HALIFAX - Nova Scotia seafood processing industry expressed concerns Thursday with changes to the federal government's temporary foreign worker program as the province's labour minister called for more flexibility from Ottawa.
Marilyn Clark, executive director of the Nova Scotia Fish Packers Association, said she would like to see the seafood industry treated like agriculture and be exempted from some of the recently announced revisions to the federal program.
"There's so many parallels between agriculture and fisheries," Clark said in an interview. "The products are seasonal and they're perishable. When the season's on you have to have the manpower to get these products into processing. If you don't, you're going to lose them."
Under the new rules to the federal program, employers in the accommodation, food and retail sectors would be barred from hiring low-wage temporary foreign workers in regions where unemployment is above six per cent.
The program is mostly used by the fish and lobster processing sector and Clark said the industry is facing imminent labour shortages.
"Everybody recognizes that we have a very big future problem because of an aging workforce," she said
Labour Minister Kelly Regan said she will argue for some industries in her province to be treated differently when she meets with federal Employment Minister Jason Kenney next week.

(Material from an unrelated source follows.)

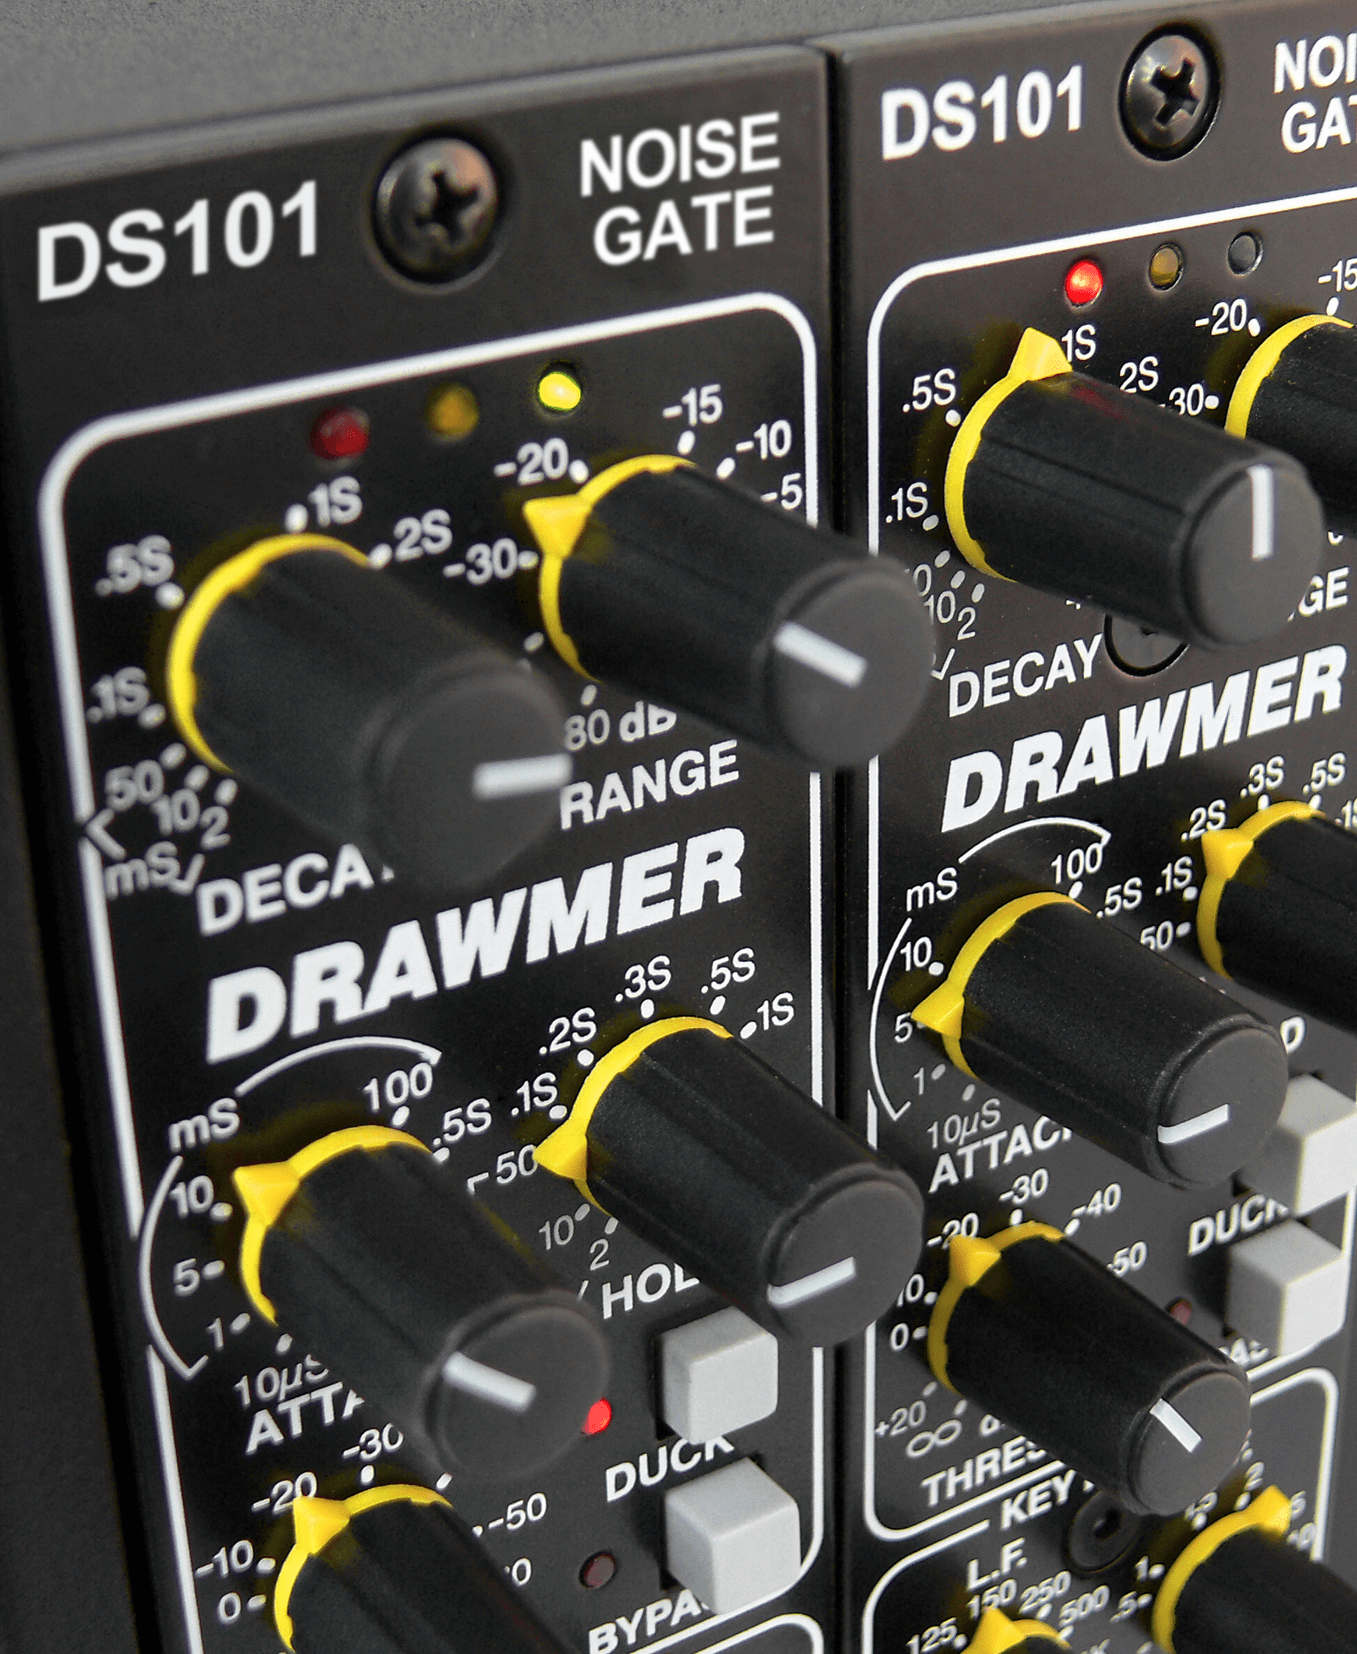 A very close up image of the DS101

"We want some flexibility," Regan said after a cabinet meeting on Thursday. "Some of our fish plant owners, some of our restaurant owners, some of our tourism operators are going to have a hard time finding enough staff under these new rules."
In an email, Alexandra Fortier, a spokeswoman for Kenney, says the changes are aimed at restoring the program to its original purpose to give employers access to a limited supply of foreign workers when there are no qualified Canadians to fill available jobs.
Fortier says employers in Nova Scotia requested more than 2,300 temporary foreign workers in 2013, despite an unemployment rate of nine per cent.
Despite the high unemployment, Clark said some businesses still face challenges in hiring locally.
"We're located in rural areas where we're not close to labour pools," she said. "For the most part, these jobs are hard to fill by Canadians who are looking for better opportunities."
Regan said Halifax is the only region in Nova Scotia with a low enough unemployment rate to allow low-wage temporary foreign workers to be employed in most industries.
The protection of temporary foreign workers is also important, Regan said.
The province organized a consultation process with Nova Scotia businesses and industry associations a month ago at the federal government's request, she said.
"There were some abuses (under the program), but we want to make sure that we don't hurt businesses that in some areas are having difficulty finding enough workers at certain times," said Regan.
"We're going to have to sit down and really look at this hard with the companies to see what we can do and see what they can do to deal with this situation."
Changes to the program are designed to be phased in over a two-year period and come into full effect by July 1, 2016. Besides a cap on foreign workers a business is allowed to hire, the program also paves the way for more inspections, greater fines for those who abuse the program as well as increased application fees for employers.